Последний тезис моего «актерского» монолога кажется мне осо­бенно любопытным. Он связан с «законом симметрии» — так осто-

рожно (и очень субъективно) пытаюсь сформулировать я подмеченную мною в театре странную закономерность: самое прекрасное, самое ин­тересное сценическое качество, как правило, имеет свою противопо­ложность, которая может быть не менее интересной и важной для ис­кусства. Иными словами, нас может радовать не только позитивное явление, но и явление со знаком минус. Так, например, изысканный вкус — продукт редкостный и дорогостоящий, но не меньшую цен­ность может представлять на сцене и дурной вкус, разумеется, дове­денный в своей дурноте до эстетической завершенности. Подлинный актерский профессионализм, я подозреваю, может иметь в театре свою замечательную противоположность. Мы любуемся актером, который многое умеет, но можем залюбоваться и актером, у которого вообще ничего не получается.

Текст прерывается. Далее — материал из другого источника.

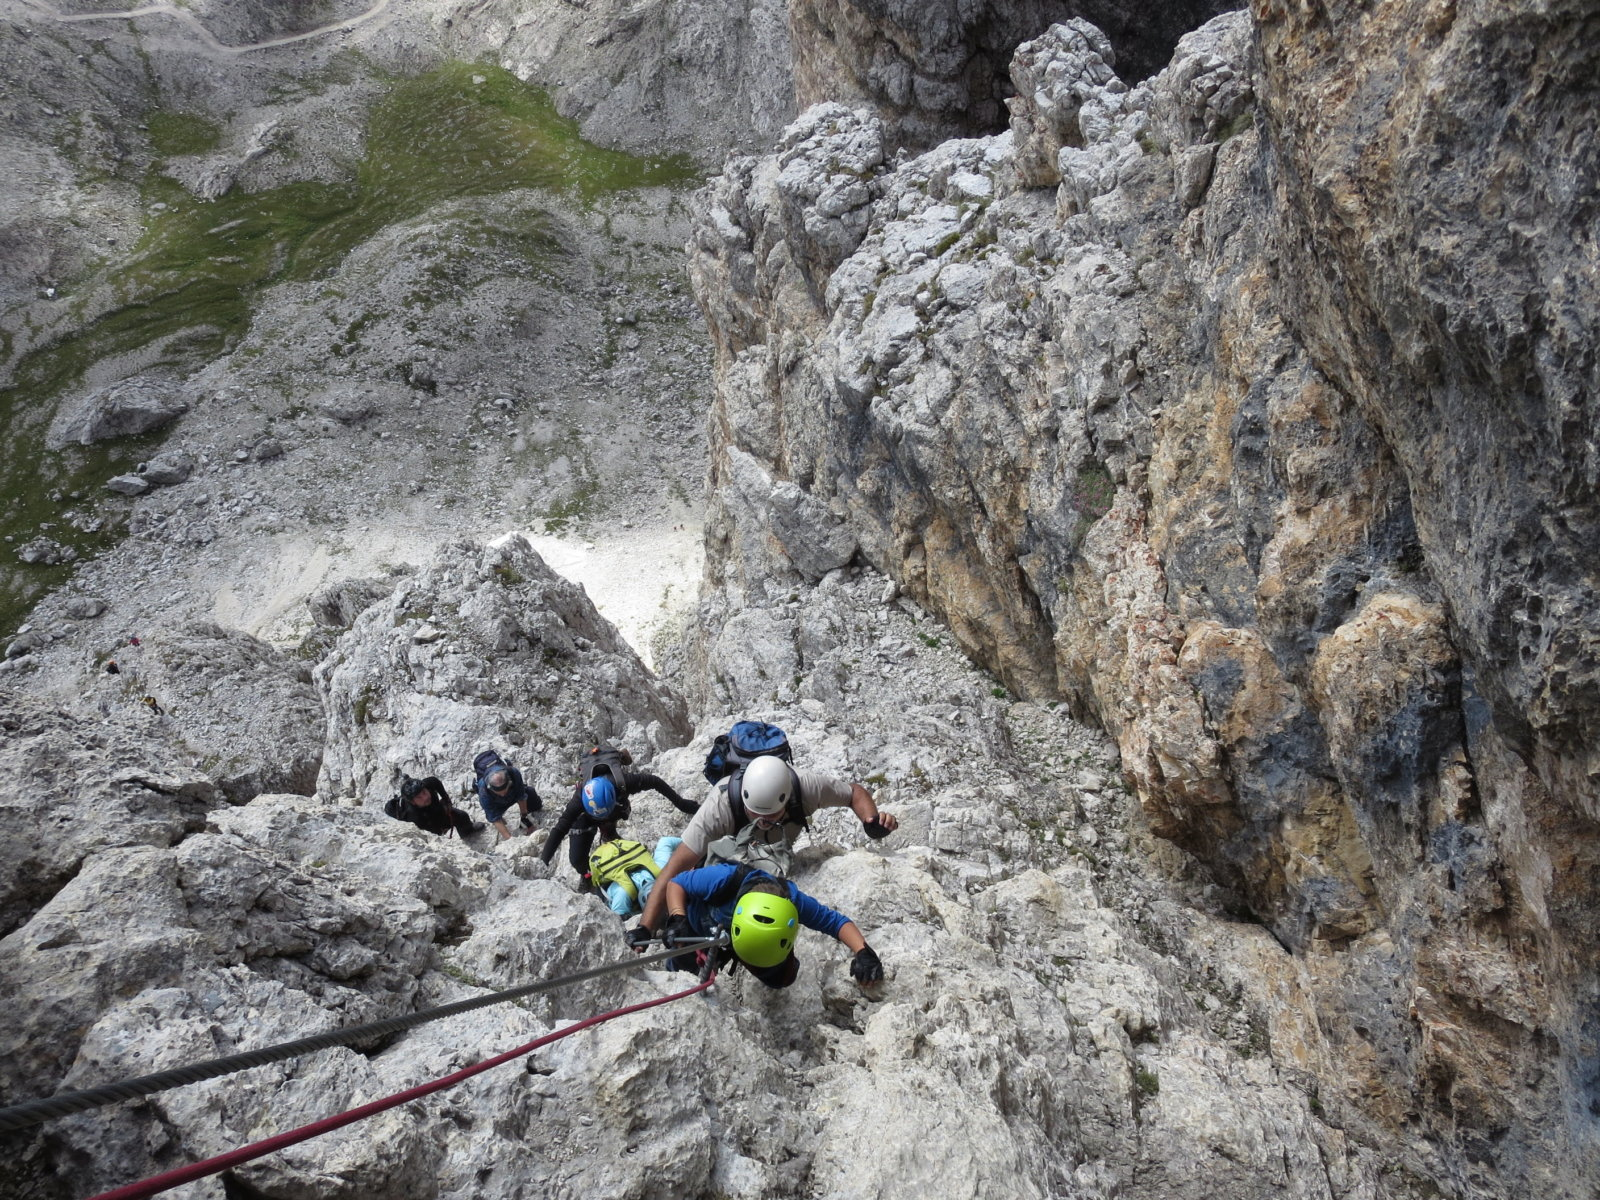 Vallon Klettersteig : Klettersteig beschreibung lichtenfelser weg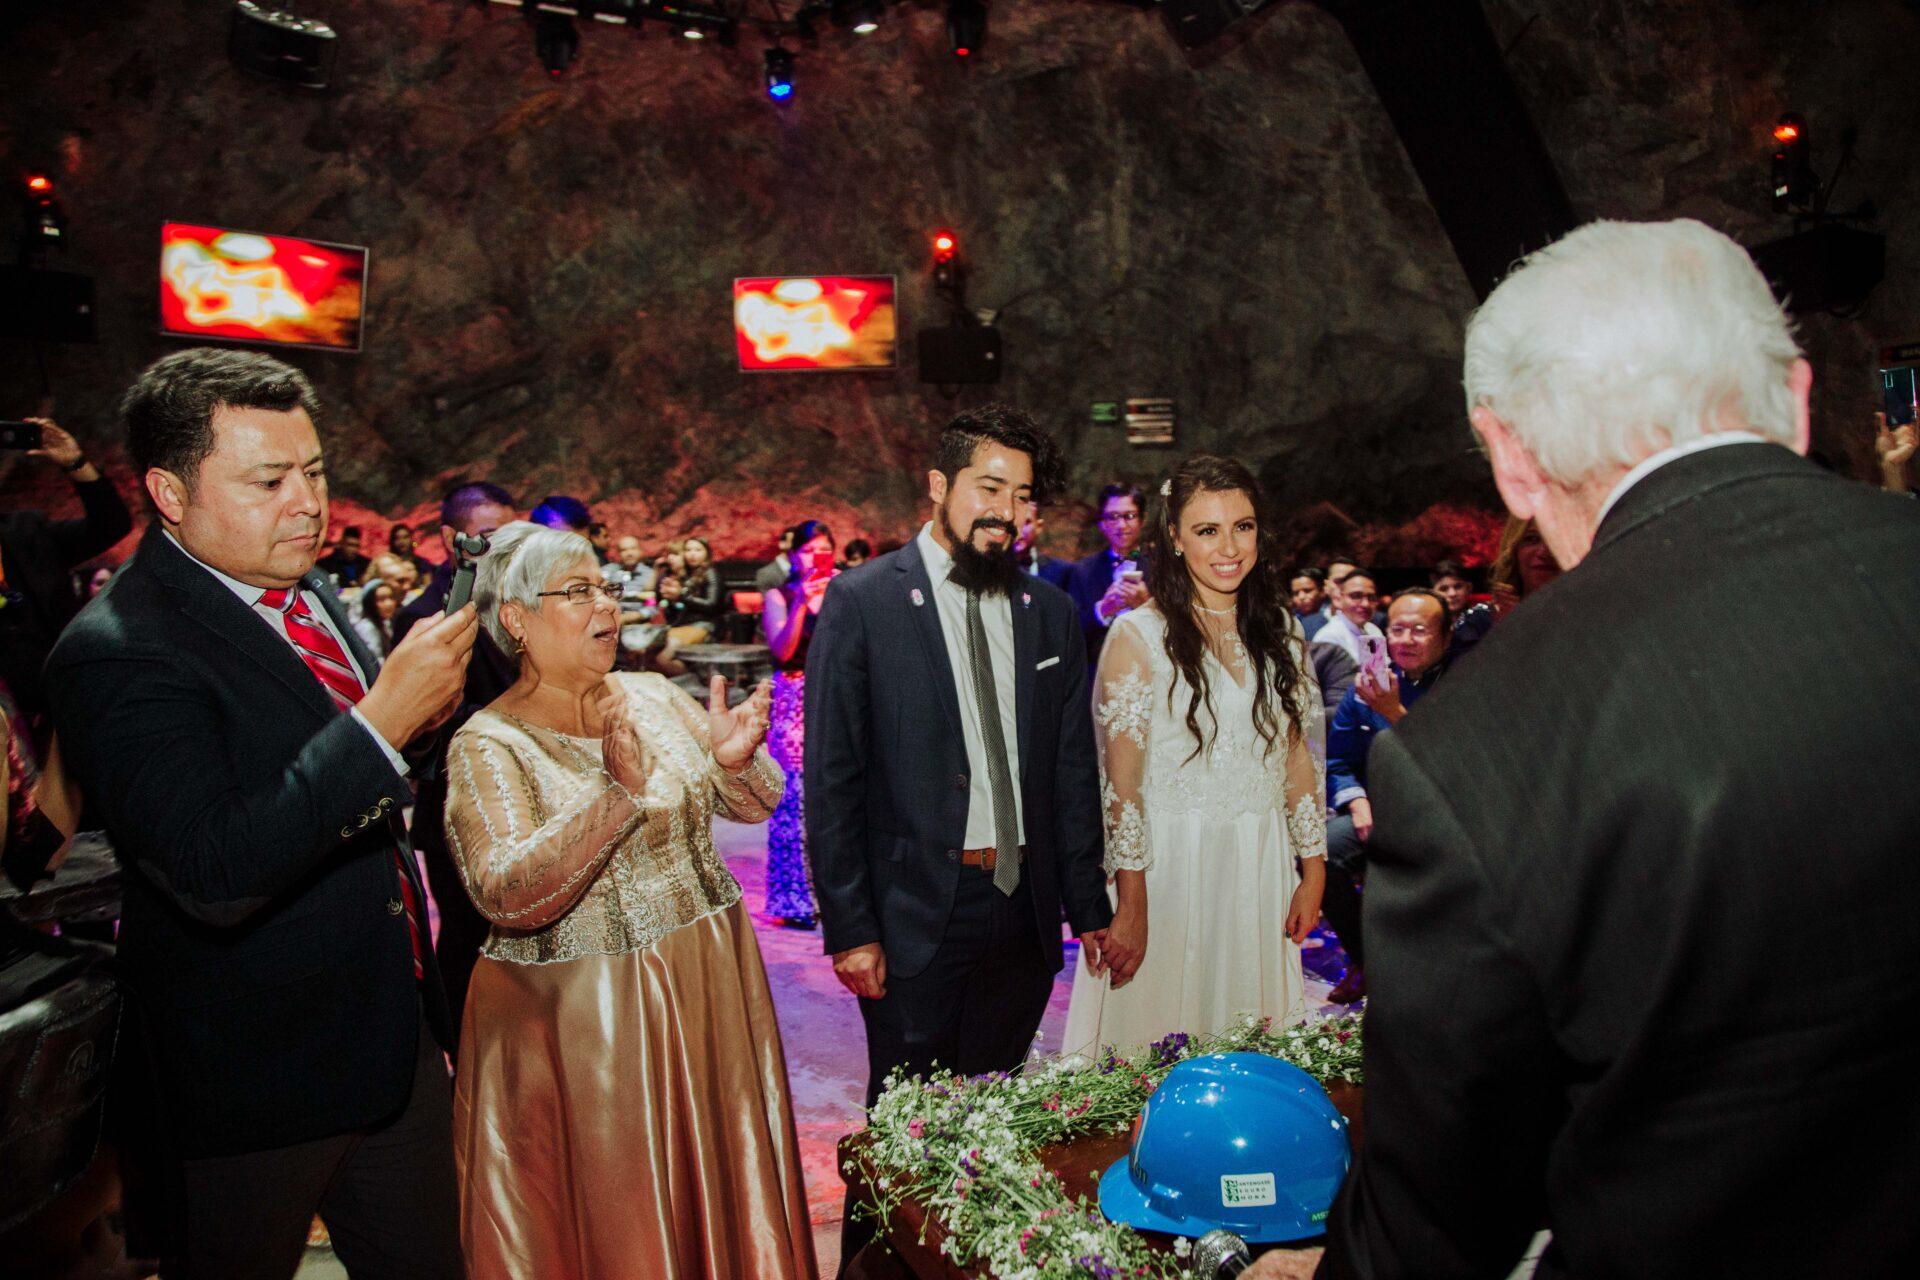 javier_noriega_fotografo_bodas_la_mina_club_zacatecas_wedding_photographer12

Я сталкивался с проявлением редкого по своей комедийной но­визне эффекта, когда у артиста все валилось из рук: он ставил перед собой прекрасные задачи, и ни одна из них не получила сколь-либо вразумительного решения. Сплошное «невезение».

Это происходило в стенах ГИТИСа, где я долго бился над тем, чтобы закрепить этот оглушительный комедийный эффект, но у меня ничего не получалось. Я не сумел добиться устойчивых результатов и понял лишь, что такое выразительное «неумение» должно зиждиться на столь блестящей внутренней актерской технике, на таком фантастиче­ском мастерстве и комедийной интуиции, что, очевидно, это дело бу­дущего. Как режиссер, я до него не дотянулся, хотя и наметил не­сколько предварительных заданий актерам с целью сосредоточить свое внимание на моделировании некоторых редко встречающихся психоло­гических состояний. Например, задание «потерять серьез», то есть за­смеяться так, как смеется только дилетант или самодеятельный актер. Эта разновидность «нервной разгрузки», свойственной вообще любому человеку, пока не дается в руки актерам. Иногда это получается у Чу­риковой в «Трех девушках», но не всегда. Иногда она сбивается на обычную улыбку и делает то, что умеют делать все актеры.

Возвращаясь к «закону симметрии», хочу заметить, что, как инте­ресен нам театральный образ, находящийся в непредсказуемой дина­мике, точно так же интересен и герой, находящийся в глухой и безна­дежной статике.

Большой артист может довести зрителя до такого сопереживания и интереса к его персоне, что зрителю будет любопытнее неподвижная

зона в его жизни, чем активные или даже неистовые поступки других актеров. Яркий тому пример — поведение Акима (И. В. Ильинского) в знаменитом спектакле Б. И. Равенских «Власть тьмы» Л. Толстого. Я уже плохо помню спектакль, но неподвижная, согбенная фигура Аки­ма, восседающего на печи в течение долгой и бурной сцены, запомни­лась на всю жизнь. Об этой мизансцене не раз писали наши критики. Ильинский сидел неправдоподобно долго, почти затылком к зрителю, и все взоры были прикованы к нему одному.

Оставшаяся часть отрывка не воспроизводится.